In the calm after the storm, scenes from the previous hours repeated in his
mind, and he kept coming back to the martial woman with the sapphire eyes. Her
blood still caked his hands and face. He could still smell her breath as the
blade tore in and feel the snap of her neck through the shaft of the blade.
Now that the heat of battle had dissipated, the thoughts flooded in:
the image of the blood shooting out, and the writhing
eyes. He was certain that he had killed many times before. The blood of the
dead coursed through his veins like anemia. So, why did
this
woman
linger? What fresh hell was it he saw as the life left her eyes? “Proximity
heightens the empathy” the neuralists always said. But, what he felt at that moment
was no amplified sensation of the same small grumble in his soul which
naturally follows the kill -- at least without the neurals. And he remembered,
at that moment, Malachi’s warning, something about nightmares spilling over…
The cigarette reached its last draw and he flicked the
butt away. A single file of East Grid soldiers were marched out of the wrecked
ingress of a nearby building, fingers laced behind their heads, gun muzzles
prodding them onward like cattle for the slaughter with the other POWs being
herded in streets. A faint stir in the air caused his head to jerk around. He
took up his gun and descended, following the noise to the door of a small
apartment block.
The locks were shot and the doors hung on a single hinge.

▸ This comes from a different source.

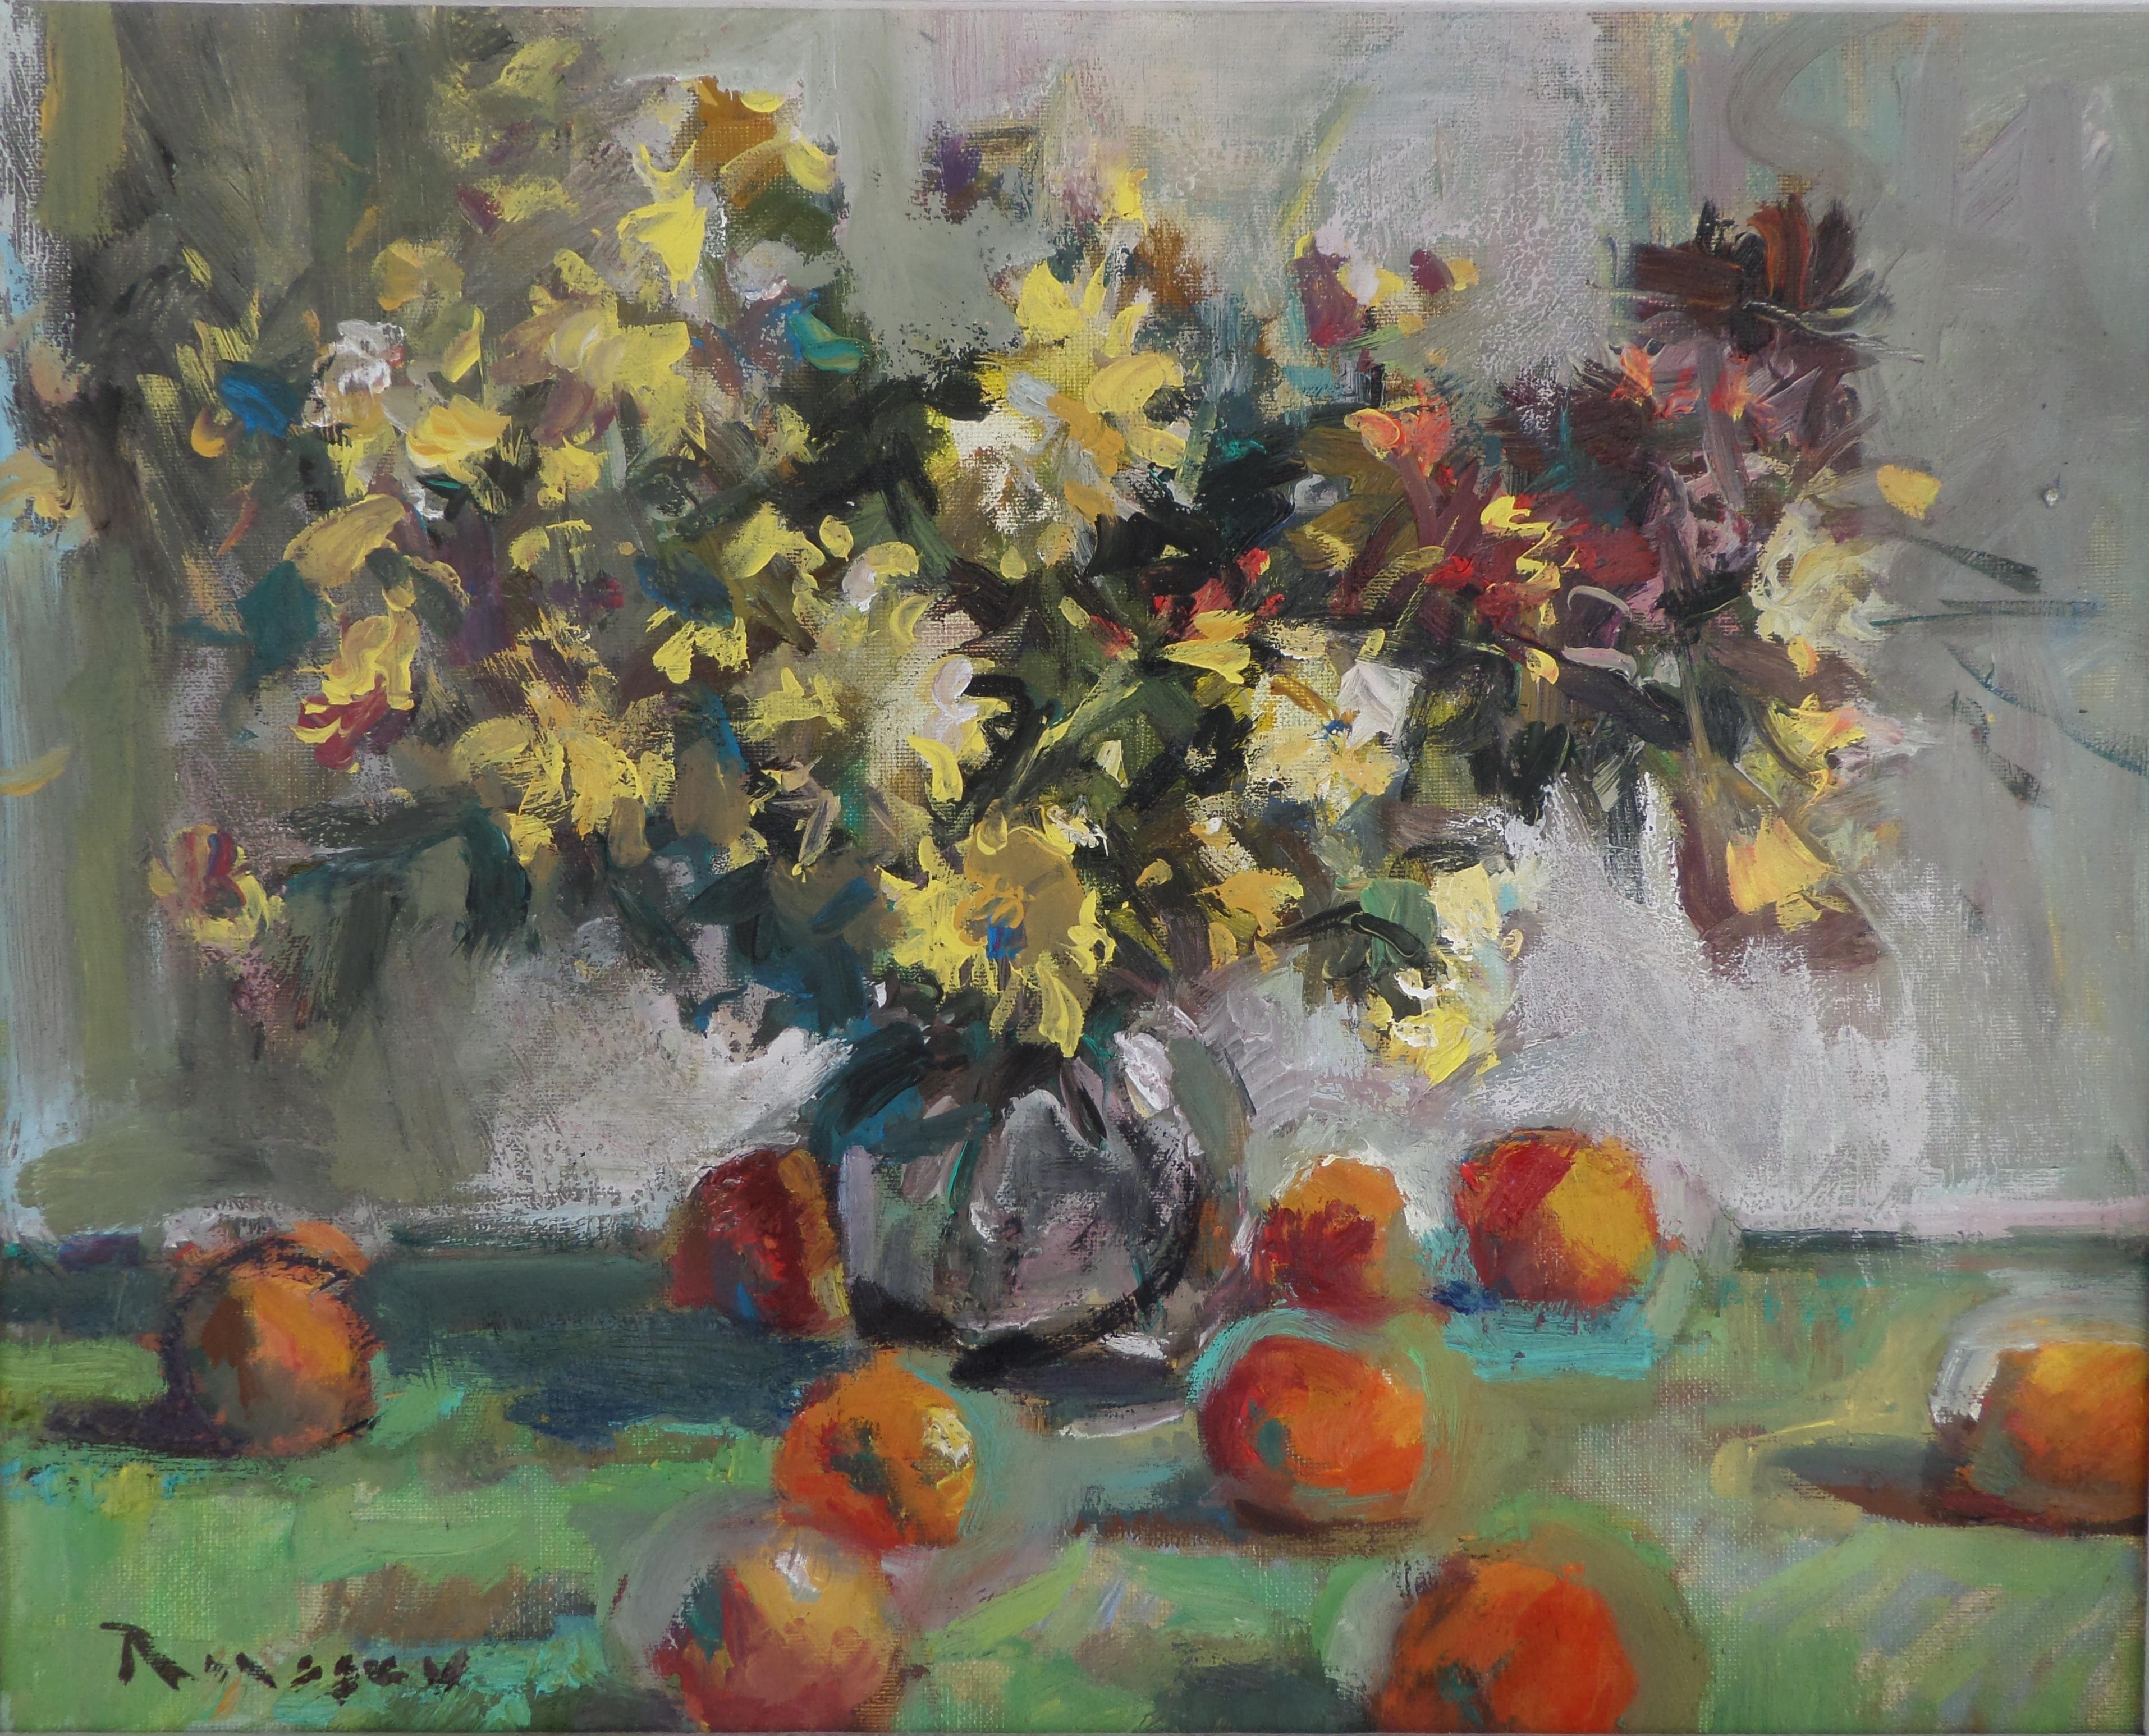 Ivan Roussev Landscape Painting – Blumen und Früchte - Stillleben Ölgemälde Grün Rot Weiß Gelb Braun Orange

He nudged the door gently with the muzzle and, three inches into its swing, the
door broke off from its seams and fell.
He sidestepped into the entrance before the sound of the
clatter pierced the silence, lining the sights down a long, dark and empty
corridor. The strobe light on the end of the rifle flashed over thin walls, shredded
by crossfire. Three civilian bodies lay dead amid shards of broken glass, dust
and dirt. There were bloody trails left in the wake of the escape. He stepped
over the doorsill and into the dark, and glass cracked and splintered
underfoot. The floor was covered with bloody footmarks. As he approached the
first apartment, something stirred. The rifle jolted in his hands.
A thick trail of smeared blood led from the corridor and
stopped at the threshold of the apartment door. The blood still looked fresh.
He followed the blood trail with the tip of the rifle barrel, approaching the
threshold and nudging the door open. The sound of wheezing, moaning breaths
became distinct.
The door opened.
Settled with his back against a bullet-torn wall, lay a
man, legs twisted, mangled and spread before him, a round, red stain forming on
the carpet. He was an East Grider and he was alive, though barely so. Both of
his legs were shot through the knees, bleeding, and the wound below his
collarbone was fresh too. The breaths squeezed into his chest and his head
lolled to the side. The face was pale behind the streaks of blood. When the
drooping eyes saw the vague figure reach out, a quivering hand rose.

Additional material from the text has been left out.